People like to talk about themselves, and I like a good story. It's easy to relate when you are also in the club. So, with our common ground established, I chatter away. (I try not to do this on ascents, because people do get a tad bent out of shape puffing uphill as I am asking them to explain their glucose management strategy. Not cool.)
I showed up for the Tour de Cure Spring Cycle event last Saturday, all set for a nice, mellow day on the bike among good friends - including those participants not yet aware they were about to become my buddy along the way. I got my business card with my route assignments (thanks, Tami, for the organizational prowess that is the envy of every Franklin Covey seminar attendee), and made my way to go find some water.
As I was walking past the registration table, I caught a woman in a Red Rider jersey telling a group that she tried to ride the 30 mile route at the Tour two years prior, and her blood sugar had dropped so low that it had scared her. She went on to explain that she had asked other people how to manage the BGs on a ride, but no one really knew, and no matter what she tried, it didn't seem to work as planned. Frustrated, she had decided to never again do another Tour de Cure event...but she liked the idea of the ride, so she had chosen instead to volunteer at her work and organize a corporate team, and to work on a Tour committee to help produce the event.
This woman is so dedicated to the idea of using cycling as a conduit to controlling diabetes and remaining healthy and active that she has organized her co-workers to do the ride and dedicated countless hours of her personal time to make sure the Tour happens as planned...but she is not actually going to cycle the event because she is not sure how to manage her blood sugar?
So, you see, I have no choice but to rudely invite myself into her discussion, and give her the tools to do this thing that she wants to do, but has decided she cannot do...but I know otherwise. (I know, I know. Run-on sentence. Focus on content, kids.)
Of course, I have no idea what she needs to do to keep from going low because, as every diabetic knows, there is no "one-size fits all" answer. What I do know is that there are some generalities: turn down your basal insulin or reduce your long-acting, bolus less or not at all within a few hours of getting on the bike, ingest about 20g of carbs every half hour or so...
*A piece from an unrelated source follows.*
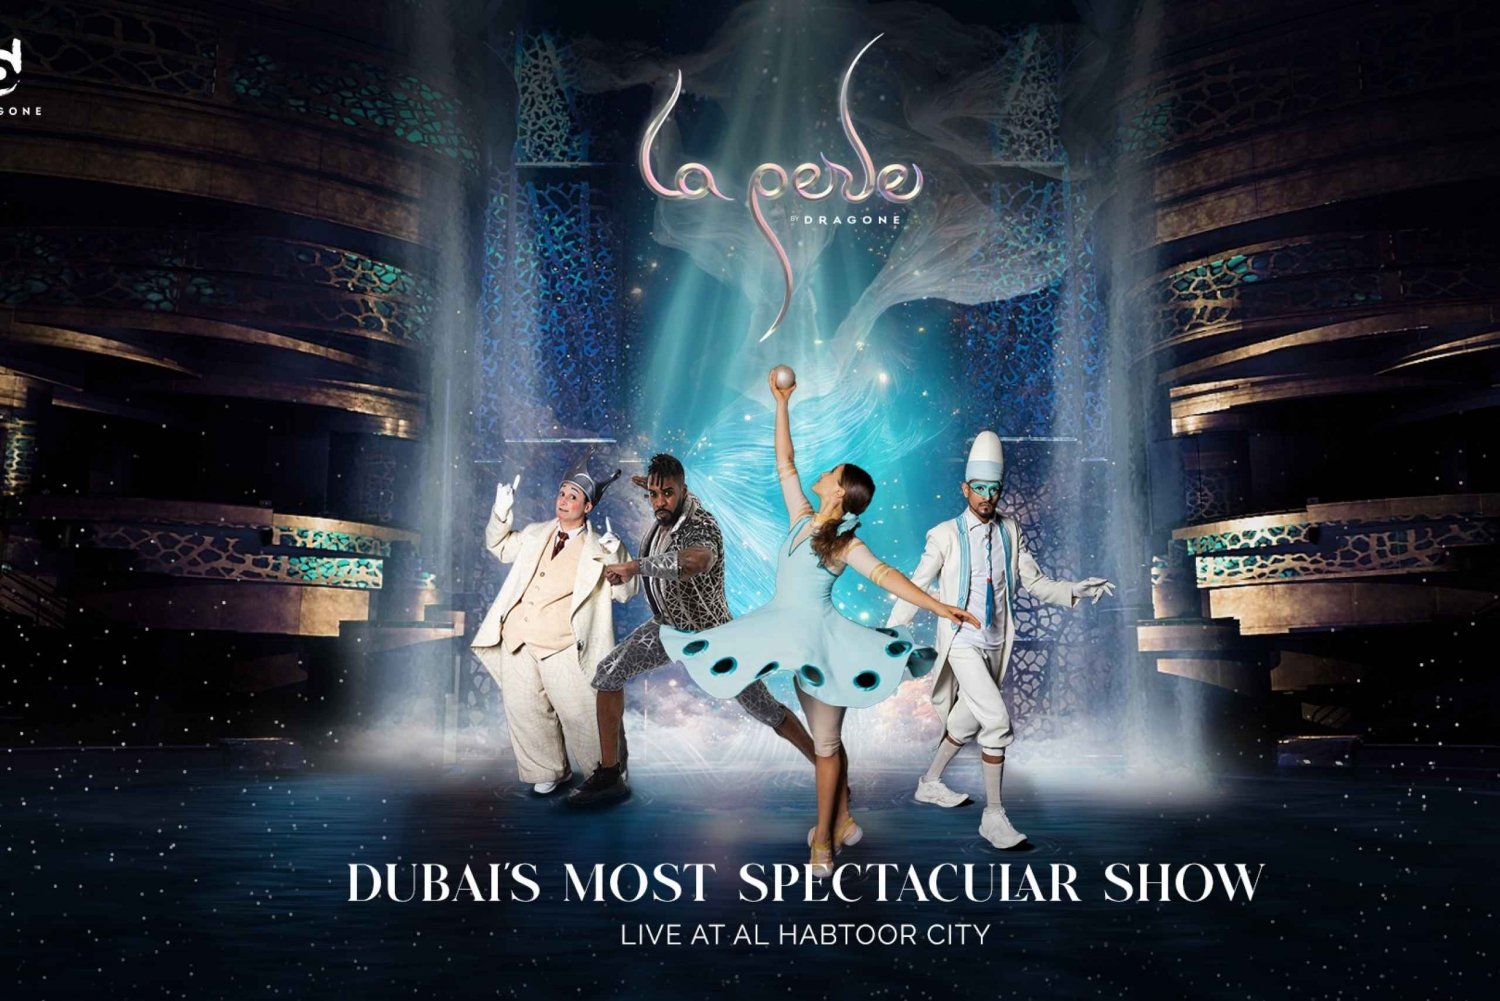 Dubai: ingressos para o show La Perle by Dragone
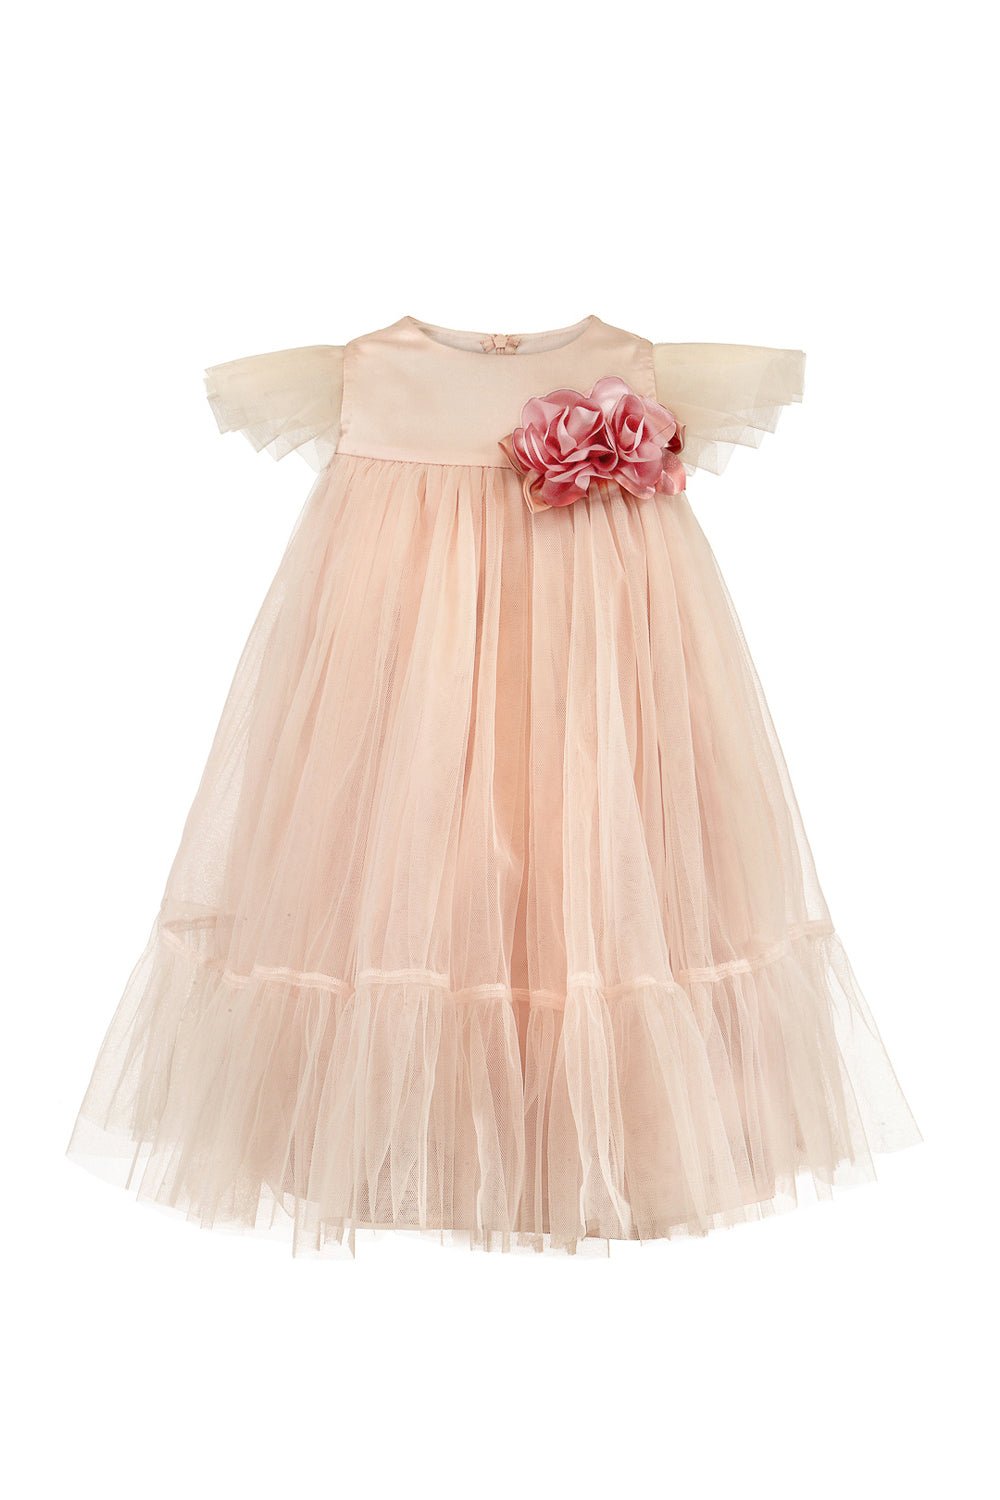 Soft Pink Net Overlay Dress

But that is not what she needs, anyway. She doesn't need a tutorial in diabetes management over 30 miles on a bike. She needs someone to tell her not to be afraid. She needs to know that she can be the Chief Executive Officer of her body and her diabetes - that, with a good strategy in place, she can control what happens on the bike. She needs someone to tell her it's not only possible, but possible for her. And I am all over possibility.
We talked at some length. It turns out, she was suspending her basal insulin on the pump right before hopping on her bike. The insulin she is using has a four hour tail on it, so hitting 'suspend' right before riding isn't really helping her over those 30 miles because all that insulin is still going to be in her body, doing its job. She needs to start turning down her pump hours earlier. (This, by the way, is why I don't pump. I workout at four in the morning, so I'd be up in the middle of the night, turning down my freaking D technology...but that is a topic for another blog post.) Moreover, though, she was really fearful. She was afraid of dehydration, so she was drinking copious amounts of electrolyte solutions...afraid of going low so she was eating constantly until she was too high to get on the bike...afraid of going too high so she wasn't reducing her insulin enough to prevent her from dropping... She was just scared.
I remember hearing about fear right after I was diagnosed. I was at another Tour cycling event, but as a participant. Seated next to me on a bike was a woman wearing an insulin pump, who told me that she was not very active as a child because she was afraid, always, of exercising with diabetes. That has stayed with me all these years because it seemed strange to me, the newly diagnosed adult, who did not fully grasp the severity of this disease. Unlike most people when diagnosed, I had a kind of blissful ignorance about the illness. I knew and understood it in a clinical context...but my own experience with diabetes was rooted in observations of my healthy, active and fearless grandmother who managed diabetes in a manner almost nonchalant. I now know that she did worry about the repercussions to her health but, as a young child, managing her blood sugar seemed a natural part of her daily routine. Uneventful. Almost unimportant.
It's hard for me to imagine that kind of fear. It's tough for me to envision being held back because you doubt your own sense of control. I didn't just want this woman to get on her bike, I wanted her to do it in a spirit of agency: I am in charge of this. I have the knowledge and the power and the strength to do those things important to me...not in spite of having diabetes, but with diabetes as a part of my process.
I am short on inspiration, but I am long on talking. I gave her ideas, and I reassured her that we are all in this together. There was a room full of Red jerseys, all of whom were going to do the very thing she decided was unattainable. We'll do it together...pedaling up the same hills, with me talking on the right hand side of some unsuspecting 'betic.
I departed for my ride. When I got back, I gave her the business card Tami had provided me for my route duties, with my cell number scrawled on the lower left corner.
Call me. We'll do it. We'll figure it out, get a strategy in place so you can feel confident, and you can ride with the team you created. Because that is how it should be. And I swear, I will not ask you any questions while we are going uphill.